Osiris Therapeutics announced positive results from a phase II study of Prochymal for the treatment of moderate to severe Crohn's disease. This randomized, open label trial enrolled 10 subjects who were divided into two groups and received either low dose (2 million cells per kilogram) or high dose (8 million cells per kilogram) of Prochymal. Subjects were then evaluated for changes in the Crohn's Disease Activity Index (CDAI) and the Inflammatory Bowel Disease Questionnaire (IBDQ). Treatment was well tolerated with no serious adverse events reported. Within 14 days of treatment, one third of the subjects had a mean reduction in the CDAI of 105 by day 28, from 341(baseline) to 236 (p=0.004). Mean IBDQ scores improved significantly from baseline to day 28 (113 to 146, p=0.008). In addition there appeared to be a correlation between dose and response, with those receiving the higher dose of Prochymal achieving a 72 point greater reduction in CDAI than those receiving low dose (CDAI reduction of 137 vs. 65). Osiris is in the process of developing and implementing a phase III program.
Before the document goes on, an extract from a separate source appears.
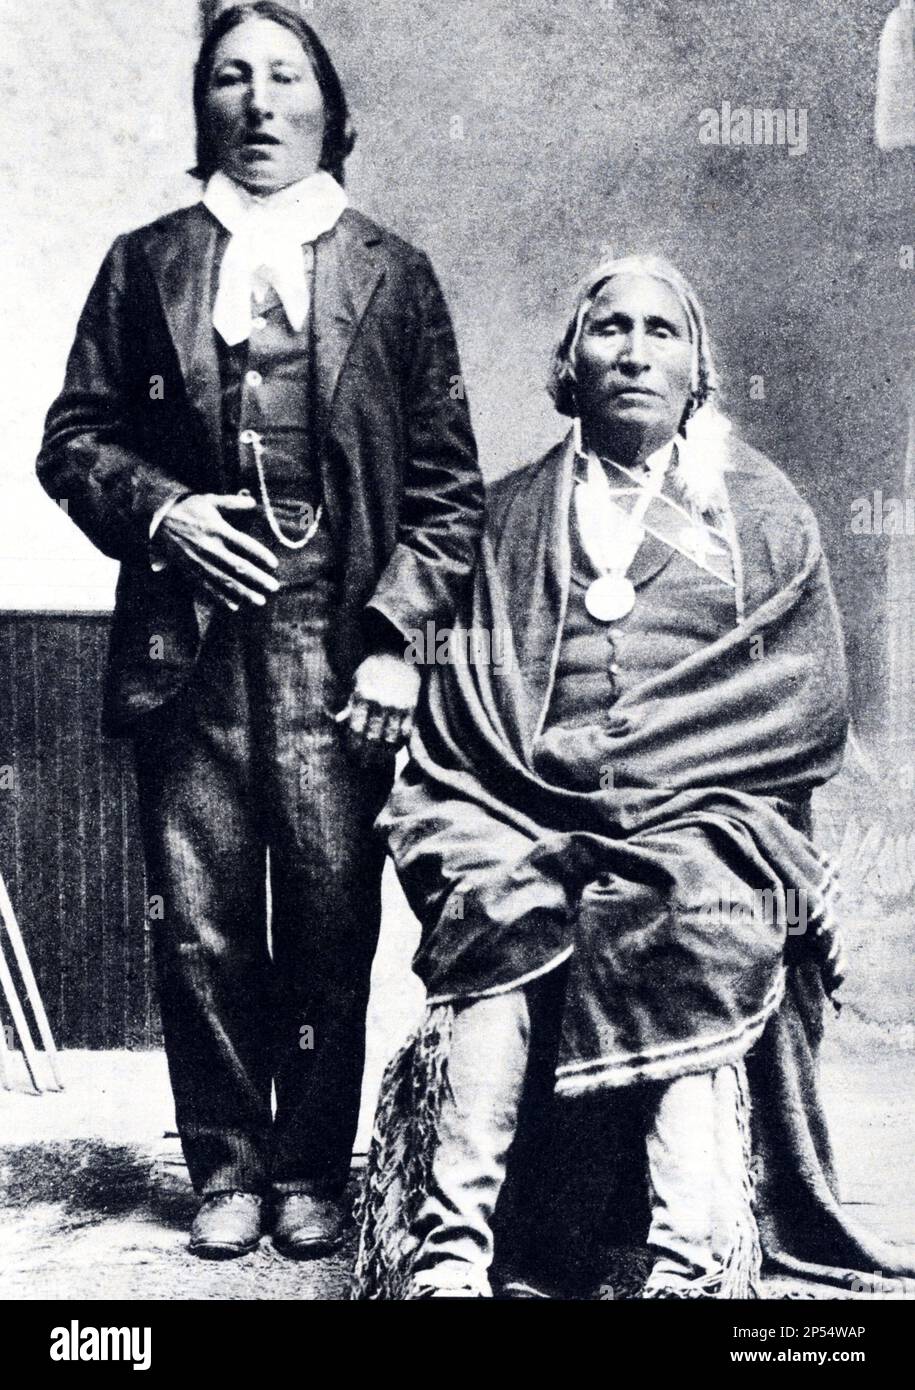 1877  c, USA. : The chef  CRAZY HORSE ( Cavallo Pazzo )  , famous  war leader ( in this photo with his son ) - VECCHIO SELVAGGIO WEST - Old WILD - INDIANO PELLEROSSA - Indiand native americans - portrait - ritratto  ----  Archivio GBB Stock Photo

Xenoport reported positive results from a phase IIa trial of XP19986 for the treatment of gastroesophageal reflux disease (GERD). This single-dose, randomized, double-blind, placebo-controlled, cross-over trial enrolled subjects who received 10, 20, 40 or 60 mg single doses of XP19986 or placebo, in separate test periods with four to seven days between testing periods. On testing days reflux-provoking meals were consumed at two hours and six hours after dosing, and subjects were required to lie on their right side for two hours after each meal. Reflux was monitored continually for 12 hours using a pH/impedance probe placed in the esophagus. The median number of total reflux episodes over 12 hours after placebo treatment for the combined dose groups was 50.5 (N=44). The median change in total reflux episodes after XP19986 treatment compared to placebo treatment was -9.5 (p=0.0050). Statistically significant reductions in acid reflux episodes were seen in both the 40 mg (p=0.0498) and 60 mg (p=0.0039) dosing groups when compared to placebo in the 12 hours after treatment. XenoPort plans to move development of XP19986 forward.
July 18, 2005
XenoPort announced positive results of a phase I trial of their investigational R-baclofen Transported Prodrug XP19986, for the treatment of gastroesophageal reflux disease (GERD) and gastric spasticity. Preliminary safety data were positive, with no serious adverse events reported with an immediate release (IR) formulation or two sustained release (SR) formulations of the drug. Overall adverse events for all three formulations were generally mild, and met the expected profile for baclofen administration. Pharmacokinetic data indicated that the drug was rapidly absorbed and metabolized into R-baclofen, with minimal systemic exposure to the prodrug. Both SR formulations yielded peak plasma concentrations and elimination half-lives consistent with a twice daily dosing schedule. The double-blind, placebo-controlled, single-dose study was conducted in two stages: the first used a dose escalating design to investigate 3 doses (2 mg, 4 mg or 8 mg) of IR XP19986 in 10 subjects; the second used a randomized, cross-over design to investigate the IR formulation and both SR formulations in separate cohorts of 10 subjects, each of whom received a single-dose of each formulation one week apart. Based on these results, the company announced plans to initiate additional phase I trials and a phase IIa trial later in 2005.